Data: Begin
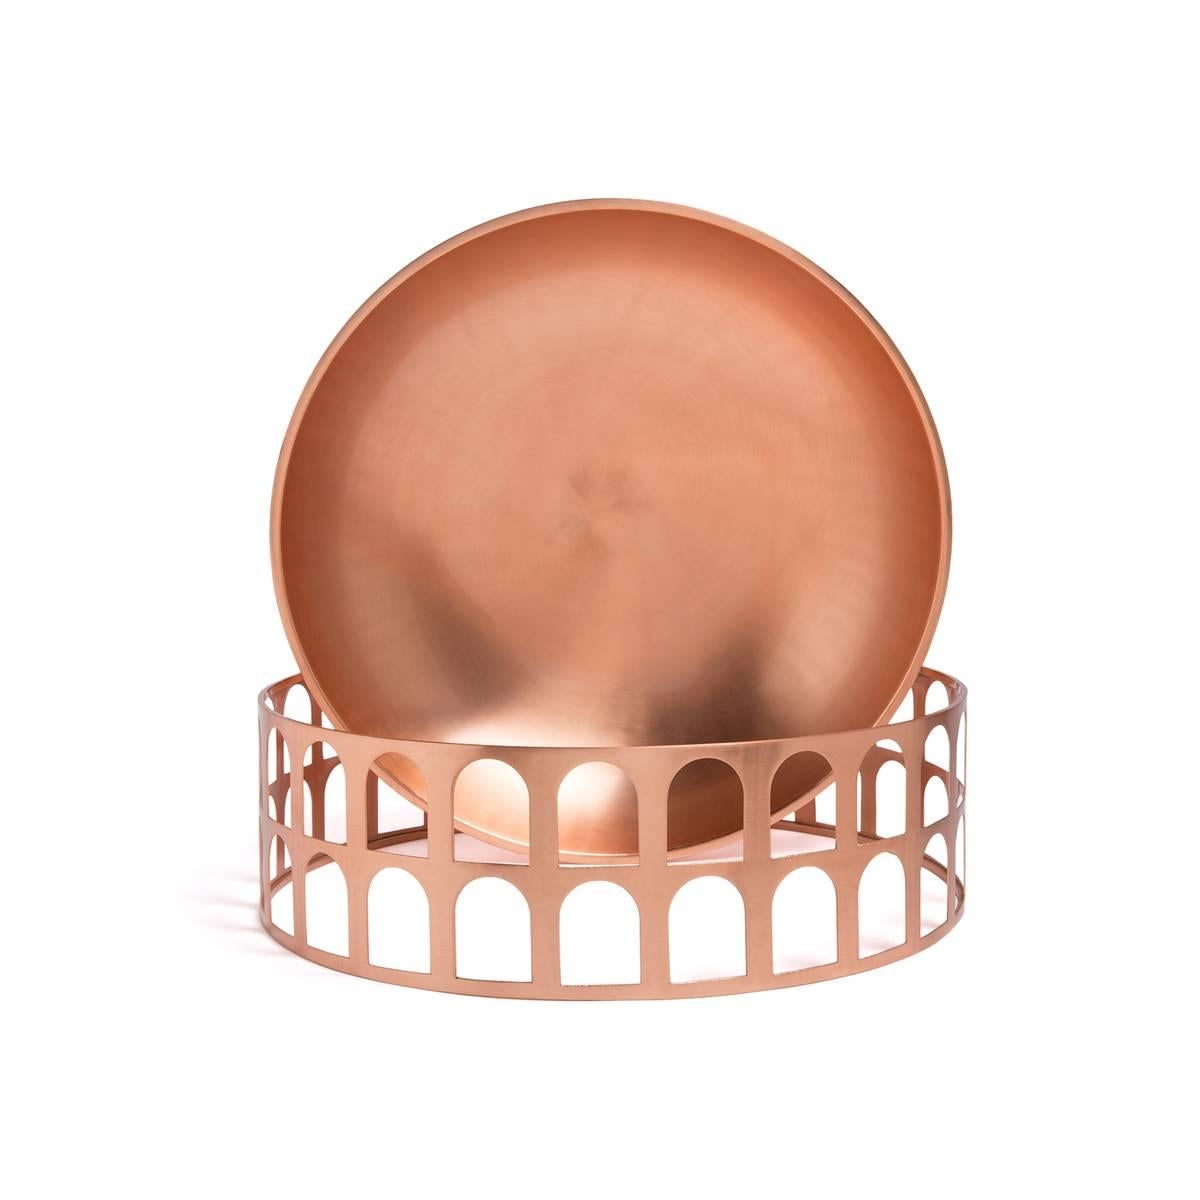 Colosseum I is a copper centerpiece (or fruit bowl). 
The product is part of the collection New Roman, by Jaime Hayon, a series of containers which reference the shapes of ancient carafes, plates and the large storage vessels amphorae. Inspired by
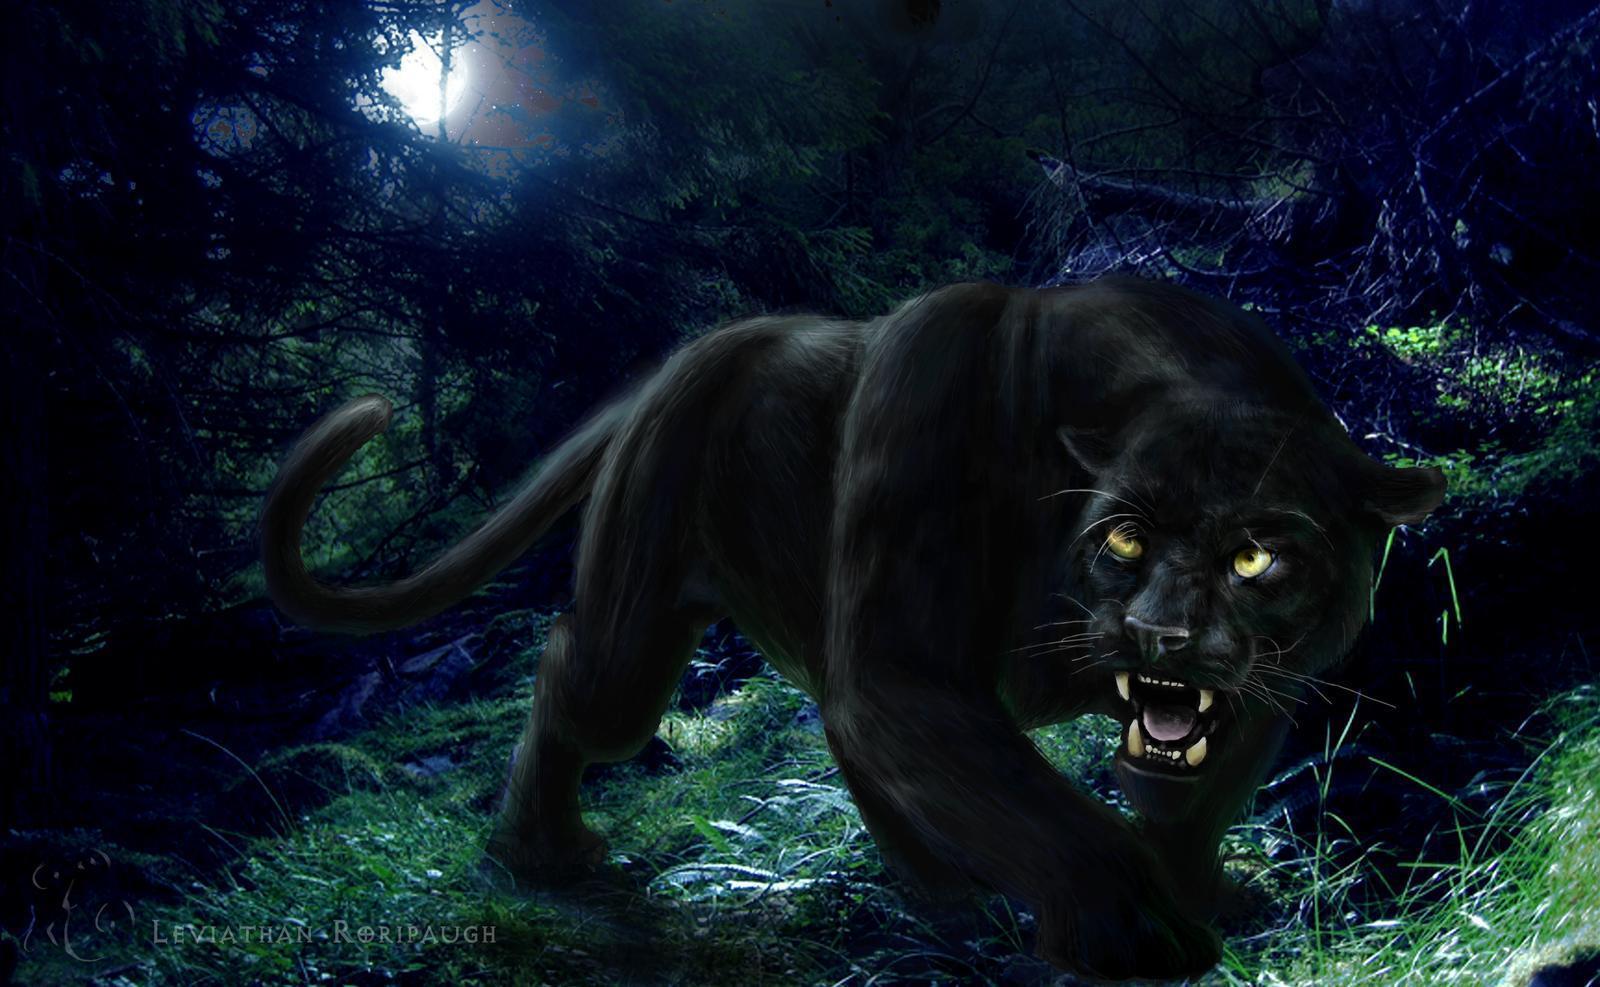 Wallpaper For > Black Panther Wallpaper With Blue Eyes
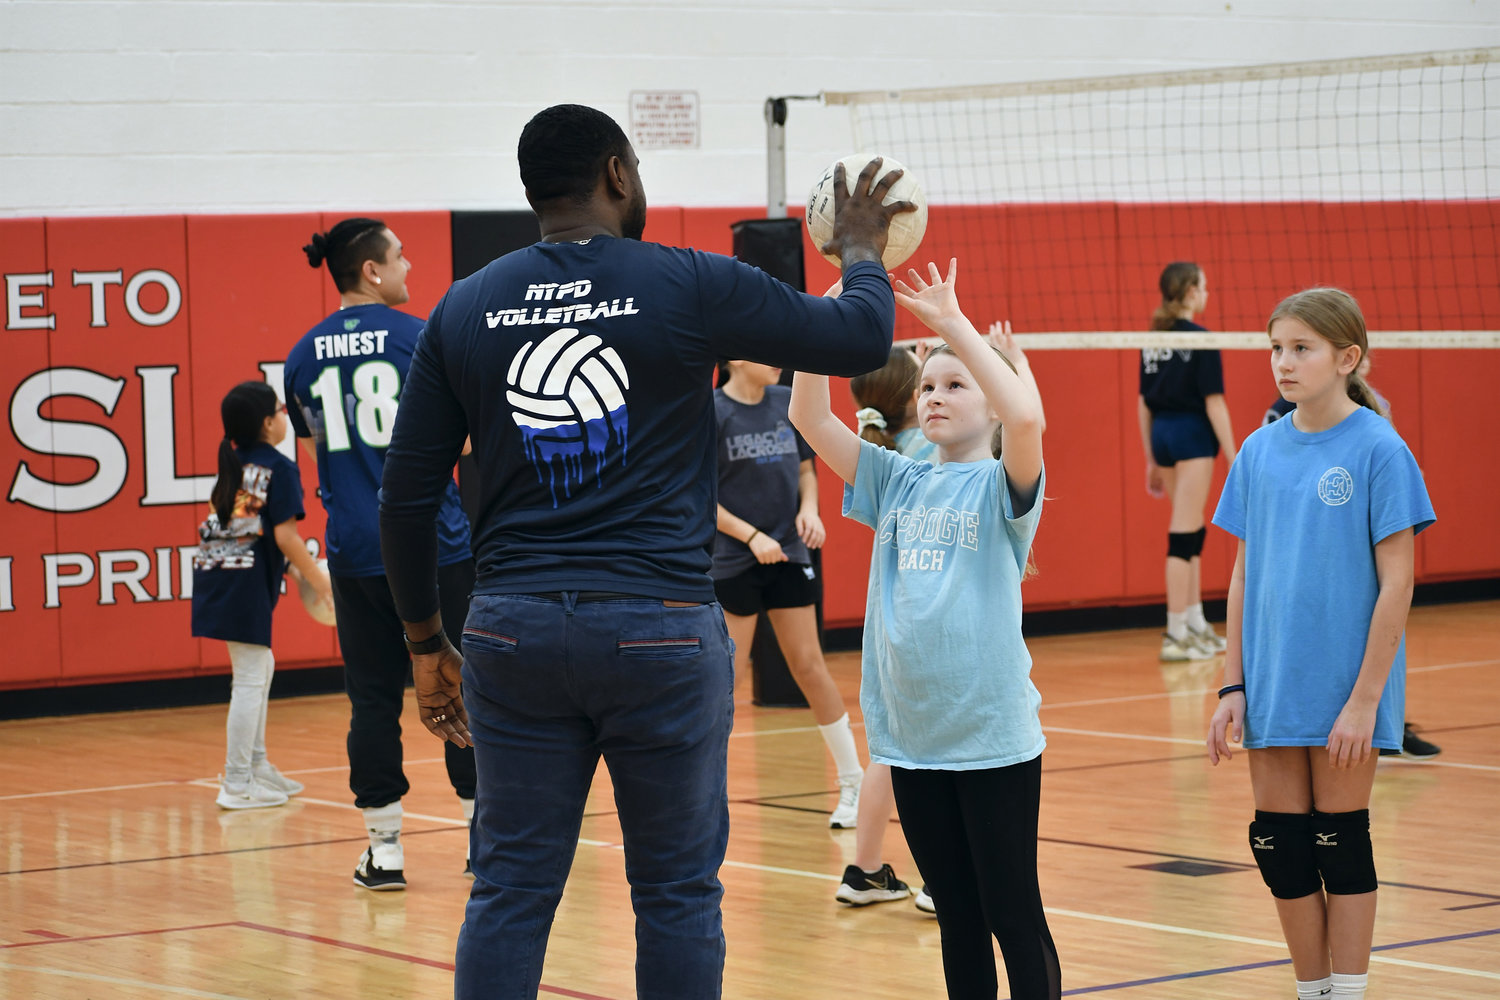 The NYPD men’s and women’s volleyball teams worked with more than 100 children, students of all ages, at the First Responders Volleyball Youth Clinic.
Data: End
* _Description of the task_
Begin with the line containing "Wallpaper For >" and end with the last line of the material above; return exactly those lines, both ends included, and omit all pictures.

* _Solution to this task_
 Wallpaper For > Black Panther Wallpaper With Blue Eyes
 The NYPD men’s and women’s volleyball teams worked with more than 100 children, students of all ages, at the First Responders Volleyball Youth Clinic.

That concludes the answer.